▶ TRY IT: The data below is to be transcribed word for word; pictures are to be excluded.

▶ DATASET SECTION:
══════════

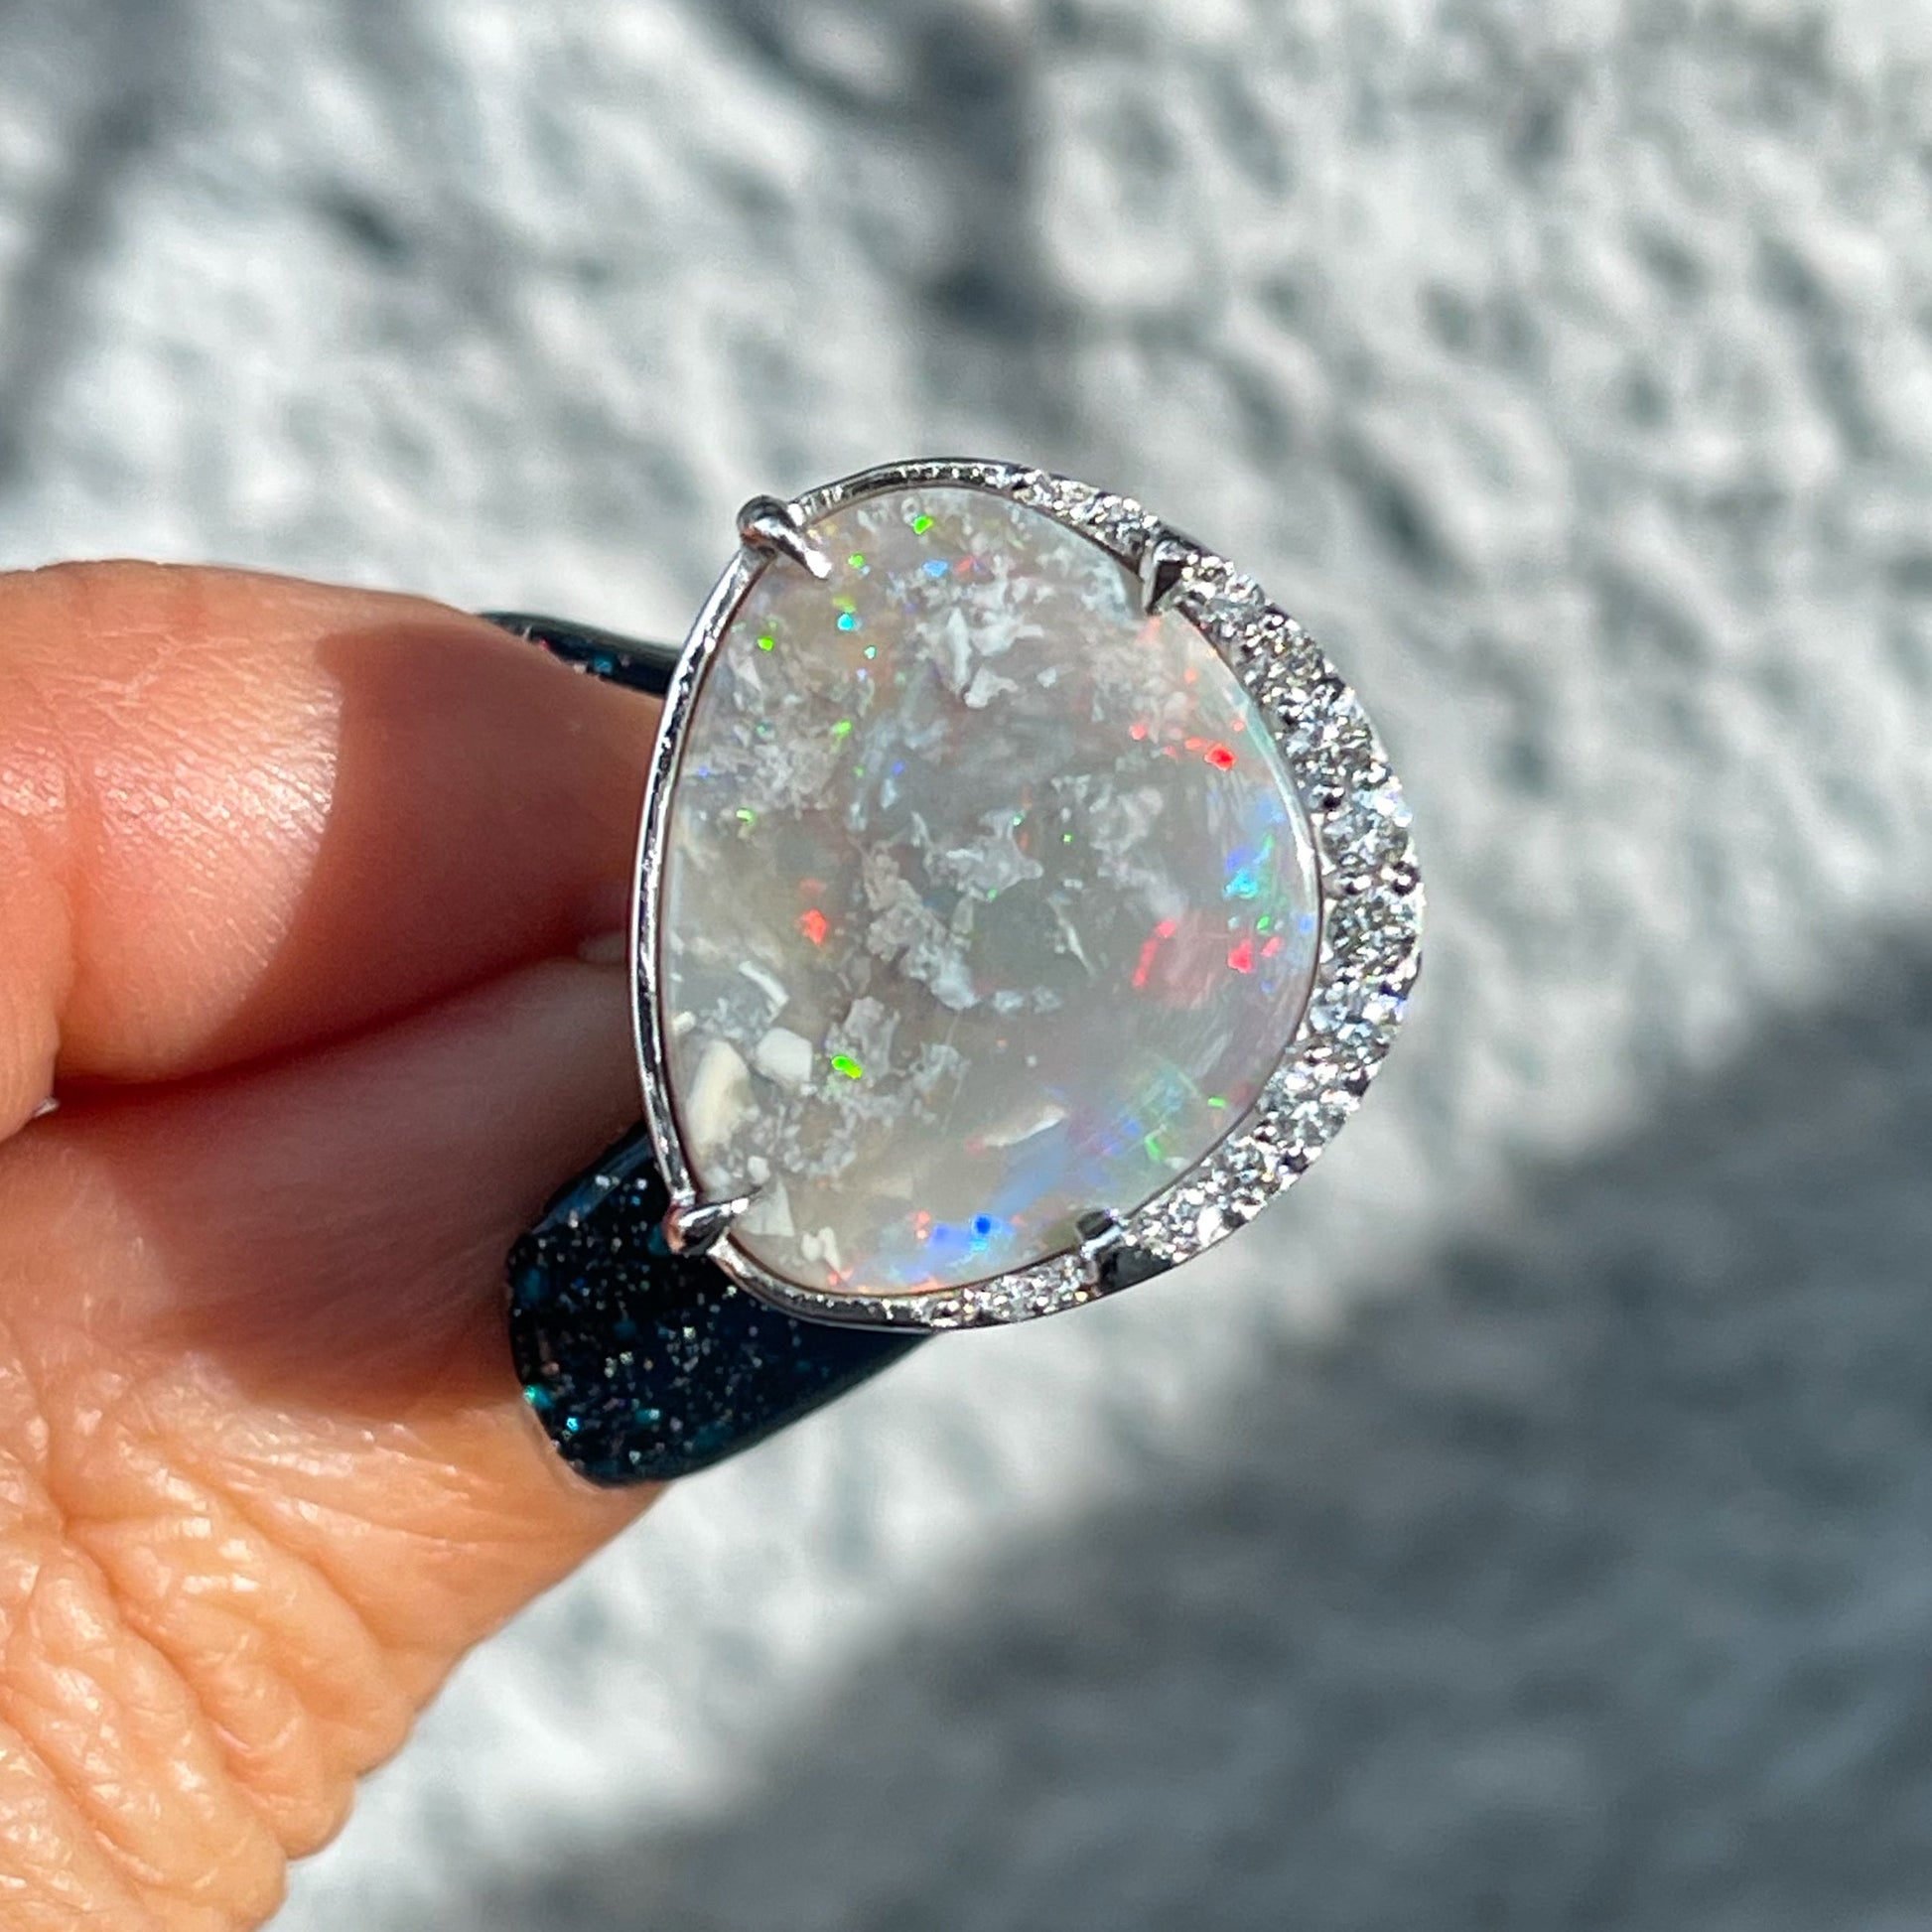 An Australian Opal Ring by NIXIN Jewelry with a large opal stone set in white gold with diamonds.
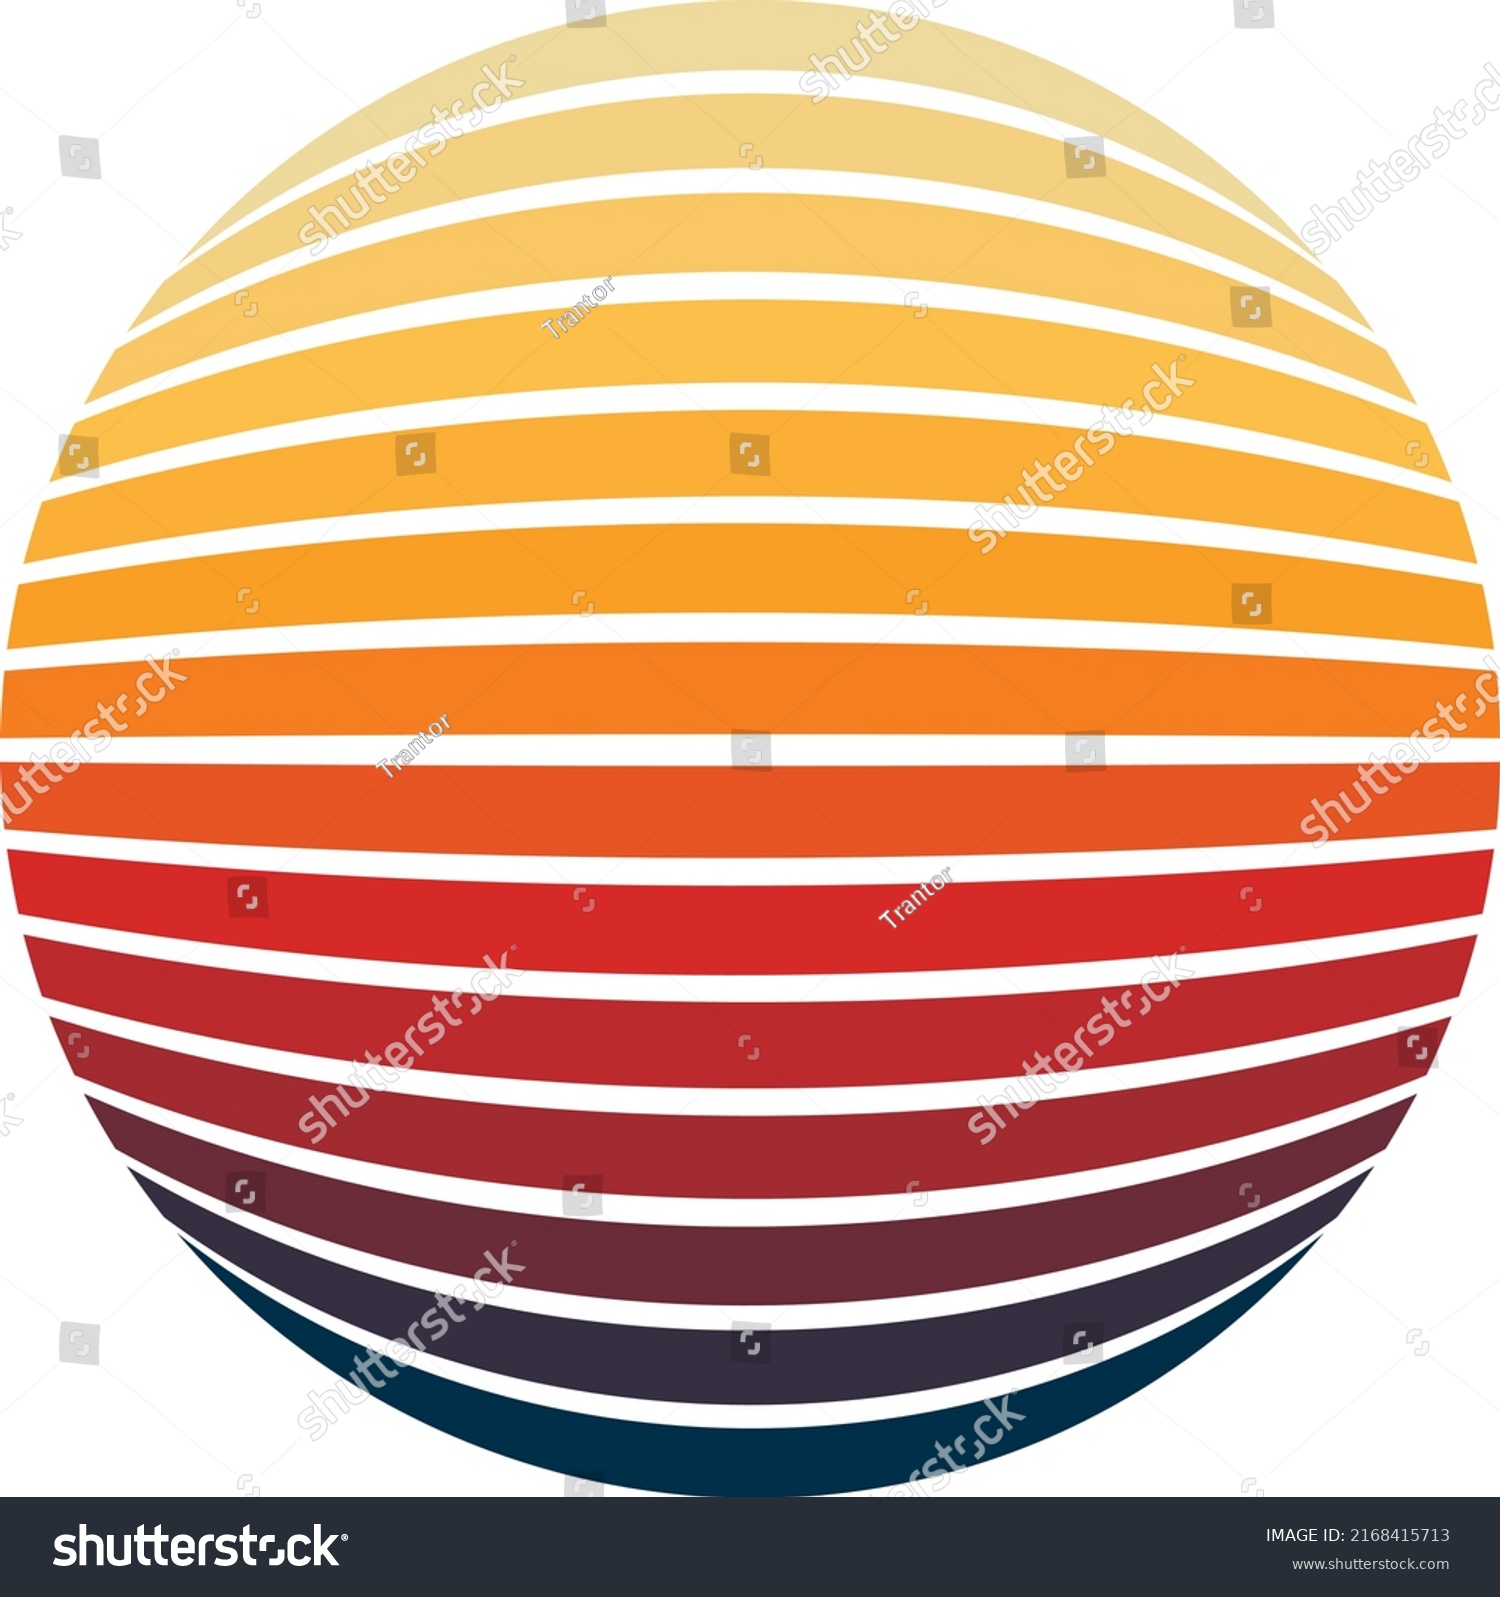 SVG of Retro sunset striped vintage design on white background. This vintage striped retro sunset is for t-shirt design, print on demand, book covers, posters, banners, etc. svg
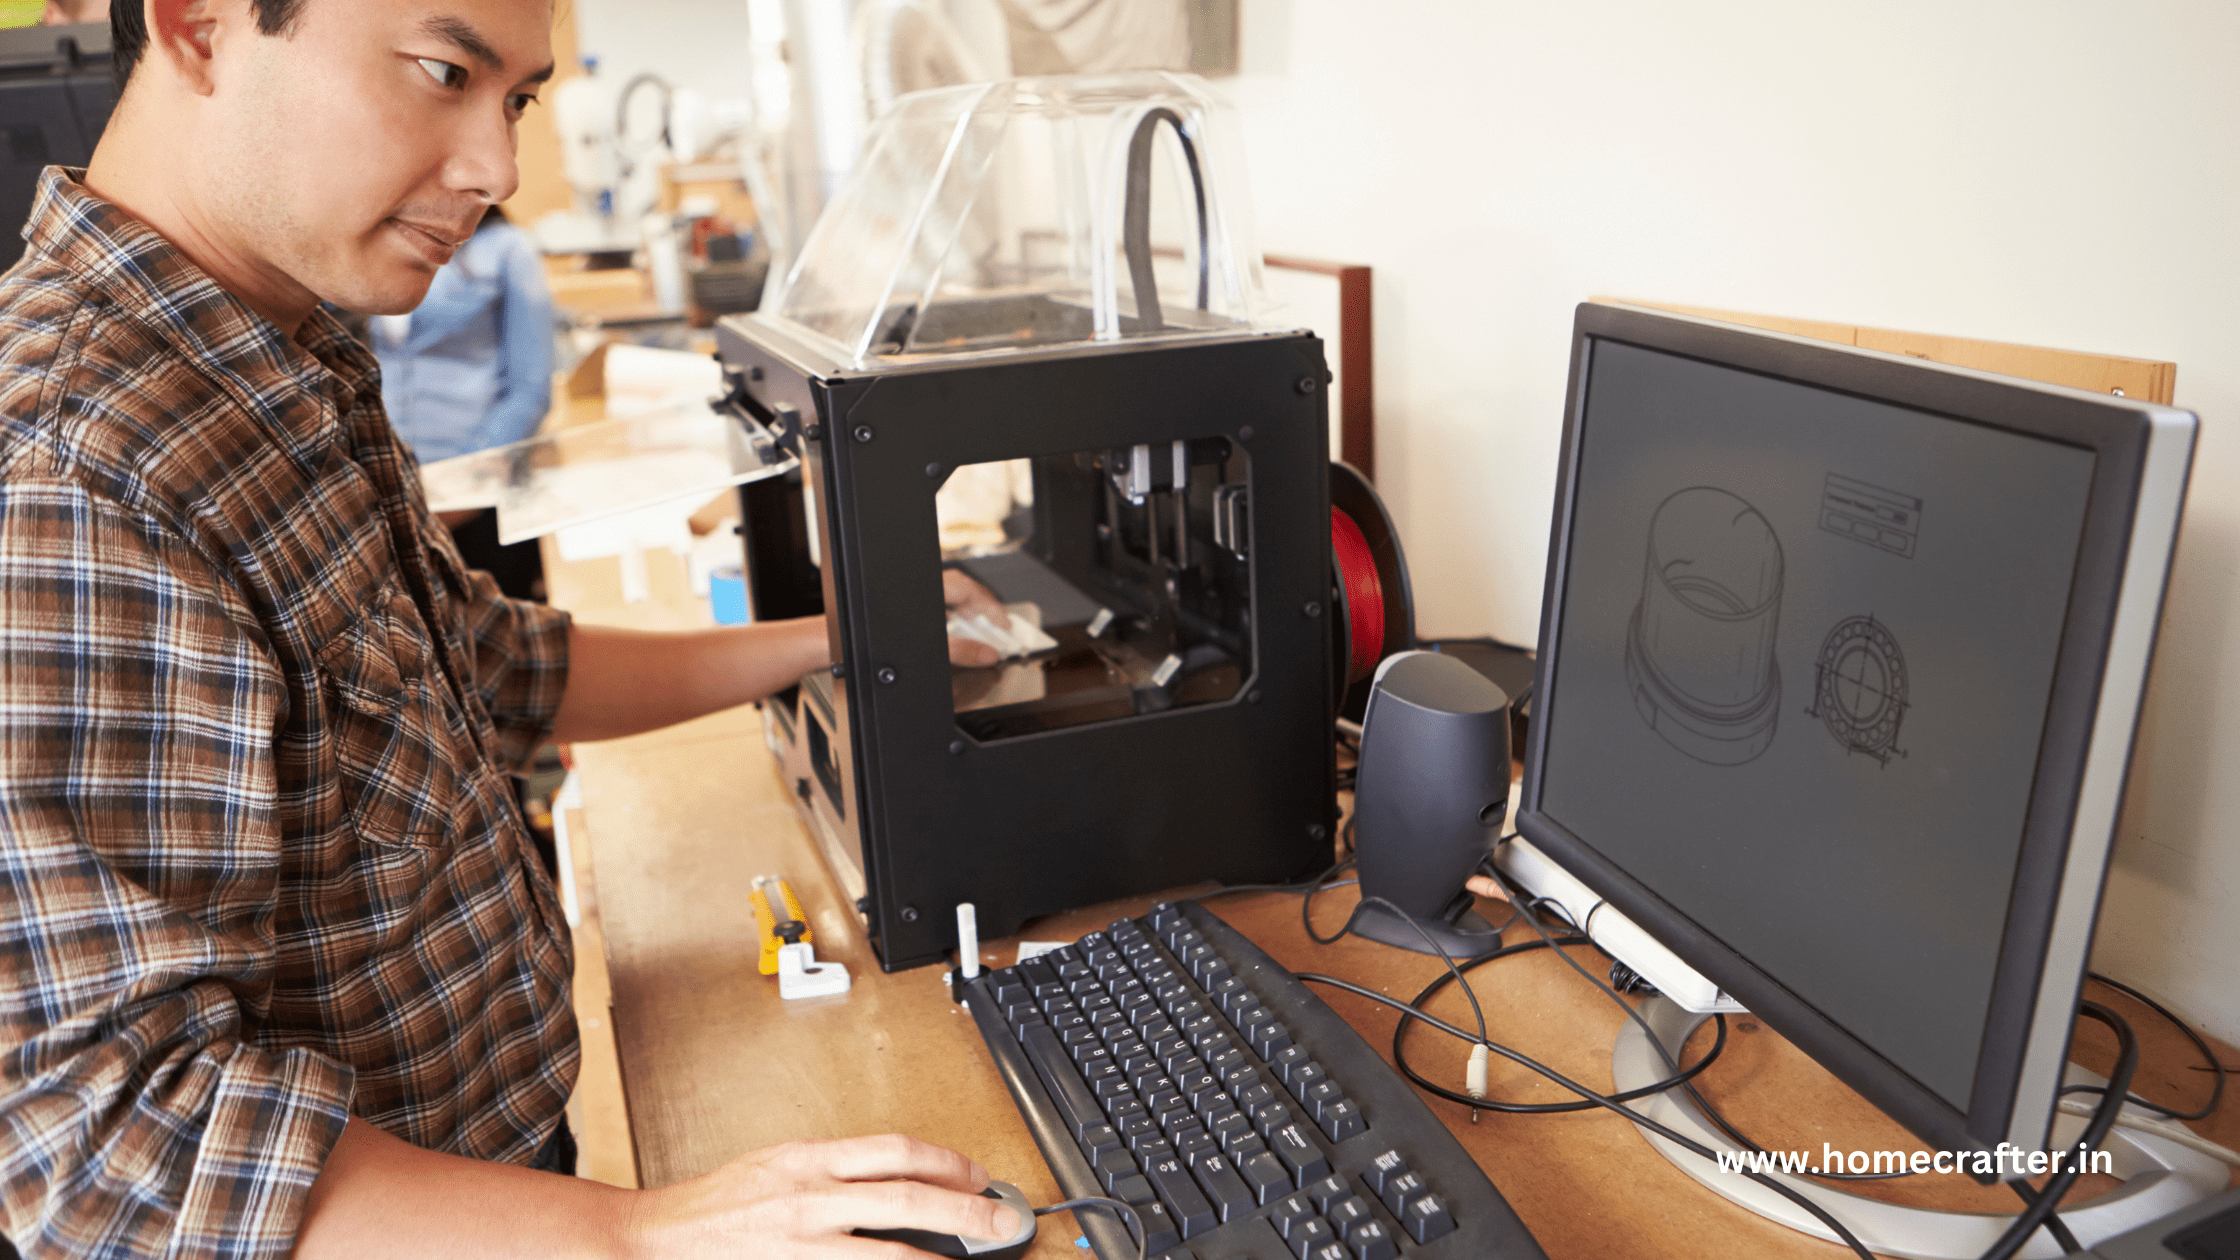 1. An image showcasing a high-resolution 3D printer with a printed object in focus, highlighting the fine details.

══════════

▶ RESULT OF THIS TASK:
 An Australian Opal Ring by NIXIN Jewelry with a large opal stone set in white gold with diamonds.
 SVG of Retro sunset striped vintage design on white background. This vintage striped retro sunset is for t-shirt design, print on demand, book covers, posters, banners, etc. svg
 1. An image showcasing a high-resolution 3D printer with a printed object in focus, highlighting the fine details.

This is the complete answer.